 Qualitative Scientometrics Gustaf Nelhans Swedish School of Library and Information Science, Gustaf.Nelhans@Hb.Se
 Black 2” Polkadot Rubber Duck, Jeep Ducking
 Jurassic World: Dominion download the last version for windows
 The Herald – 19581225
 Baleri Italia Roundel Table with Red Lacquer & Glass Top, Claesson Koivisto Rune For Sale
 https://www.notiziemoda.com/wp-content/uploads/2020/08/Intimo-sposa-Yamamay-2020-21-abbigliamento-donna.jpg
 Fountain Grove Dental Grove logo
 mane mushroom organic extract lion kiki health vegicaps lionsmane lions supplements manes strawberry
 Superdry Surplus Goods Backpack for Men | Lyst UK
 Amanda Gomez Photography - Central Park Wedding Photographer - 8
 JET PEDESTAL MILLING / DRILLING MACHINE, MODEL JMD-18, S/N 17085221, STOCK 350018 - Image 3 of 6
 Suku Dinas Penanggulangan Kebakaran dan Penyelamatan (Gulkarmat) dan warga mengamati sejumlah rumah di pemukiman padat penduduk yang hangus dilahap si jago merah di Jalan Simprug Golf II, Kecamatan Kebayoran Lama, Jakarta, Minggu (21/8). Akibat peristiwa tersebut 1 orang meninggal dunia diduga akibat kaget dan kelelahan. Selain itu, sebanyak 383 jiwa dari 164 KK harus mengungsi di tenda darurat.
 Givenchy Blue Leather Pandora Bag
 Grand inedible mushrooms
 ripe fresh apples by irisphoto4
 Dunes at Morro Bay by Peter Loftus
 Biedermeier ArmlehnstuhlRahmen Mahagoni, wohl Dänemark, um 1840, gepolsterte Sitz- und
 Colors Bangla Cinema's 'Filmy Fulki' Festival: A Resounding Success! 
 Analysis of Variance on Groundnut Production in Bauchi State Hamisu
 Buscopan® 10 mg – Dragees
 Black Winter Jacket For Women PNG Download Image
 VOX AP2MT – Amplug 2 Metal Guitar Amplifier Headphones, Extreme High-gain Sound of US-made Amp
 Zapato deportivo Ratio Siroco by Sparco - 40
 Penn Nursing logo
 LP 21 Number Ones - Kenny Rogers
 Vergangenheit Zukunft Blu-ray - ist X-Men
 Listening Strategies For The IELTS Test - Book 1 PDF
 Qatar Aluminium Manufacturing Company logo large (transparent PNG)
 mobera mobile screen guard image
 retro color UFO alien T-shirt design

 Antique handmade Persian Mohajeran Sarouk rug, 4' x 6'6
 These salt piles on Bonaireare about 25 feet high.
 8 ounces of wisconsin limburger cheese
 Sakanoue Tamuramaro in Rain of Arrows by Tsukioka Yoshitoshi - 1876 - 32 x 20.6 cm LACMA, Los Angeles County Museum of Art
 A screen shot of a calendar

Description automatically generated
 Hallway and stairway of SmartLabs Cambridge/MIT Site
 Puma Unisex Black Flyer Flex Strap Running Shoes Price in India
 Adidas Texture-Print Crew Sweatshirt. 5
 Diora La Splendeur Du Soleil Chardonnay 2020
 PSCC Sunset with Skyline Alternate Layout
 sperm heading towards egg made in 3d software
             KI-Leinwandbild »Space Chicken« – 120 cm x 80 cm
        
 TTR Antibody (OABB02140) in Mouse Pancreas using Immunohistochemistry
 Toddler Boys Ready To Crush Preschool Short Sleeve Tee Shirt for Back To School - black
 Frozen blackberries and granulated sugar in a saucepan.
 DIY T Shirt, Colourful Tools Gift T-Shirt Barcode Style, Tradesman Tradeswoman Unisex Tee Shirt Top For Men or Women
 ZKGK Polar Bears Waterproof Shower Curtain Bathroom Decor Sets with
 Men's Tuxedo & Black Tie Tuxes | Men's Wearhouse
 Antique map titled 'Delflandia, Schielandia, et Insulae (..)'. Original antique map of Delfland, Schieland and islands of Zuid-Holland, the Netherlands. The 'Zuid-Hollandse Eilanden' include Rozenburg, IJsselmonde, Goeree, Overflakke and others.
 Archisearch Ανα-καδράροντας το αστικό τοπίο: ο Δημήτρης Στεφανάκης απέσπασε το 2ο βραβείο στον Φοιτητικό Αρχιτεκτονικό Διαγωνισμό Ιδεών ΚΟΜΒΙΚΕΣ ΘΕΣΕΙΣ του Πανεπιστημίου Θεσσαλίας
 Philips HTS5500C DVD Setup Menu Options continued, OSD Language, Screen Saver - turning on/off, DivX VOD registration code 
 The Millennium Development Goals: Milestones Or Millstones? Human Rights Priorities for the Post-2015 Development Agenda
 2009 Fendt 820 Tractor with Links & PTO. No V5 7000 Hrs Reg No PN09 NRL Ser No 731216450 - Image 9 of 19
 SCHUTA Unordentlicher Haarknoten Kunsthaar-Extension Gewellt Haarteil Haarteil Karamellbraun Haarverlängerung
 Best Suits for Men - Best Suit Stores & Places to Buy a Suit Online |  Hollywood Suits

Your task:
Output should match, line for line, the stretch of the material above from the line holding "Baleri Italia Roundel" through the line holding "JET PEDESTAL MILLING".

Completed task:
 Baleri Italia Roundel Table with Red Lacquer & Glass Top, Claesson Koivisto Rune For Sale
 https://www.notiziemoda.com/wp-content/uploads/2020/08/Intimo-sposa-Yamamay-2020-21-abbigliamento-donna.jpg
 Fountain Grove Dental Grove logo
 mane mushroom organic extract lion kiki health vegicaps lionsmane lions supplements manes strawberry
 Superdry Surplus Goods Backpack for Men | Lyst UK
 Amanda Gomez Photography - Central Park Wedding Photographer - 8
 JET PEDESTAL MILLING / DRILLING MACHINE, MODEL JMD-18, S/N 17085221, STOCK 350018 - Image 3 of 6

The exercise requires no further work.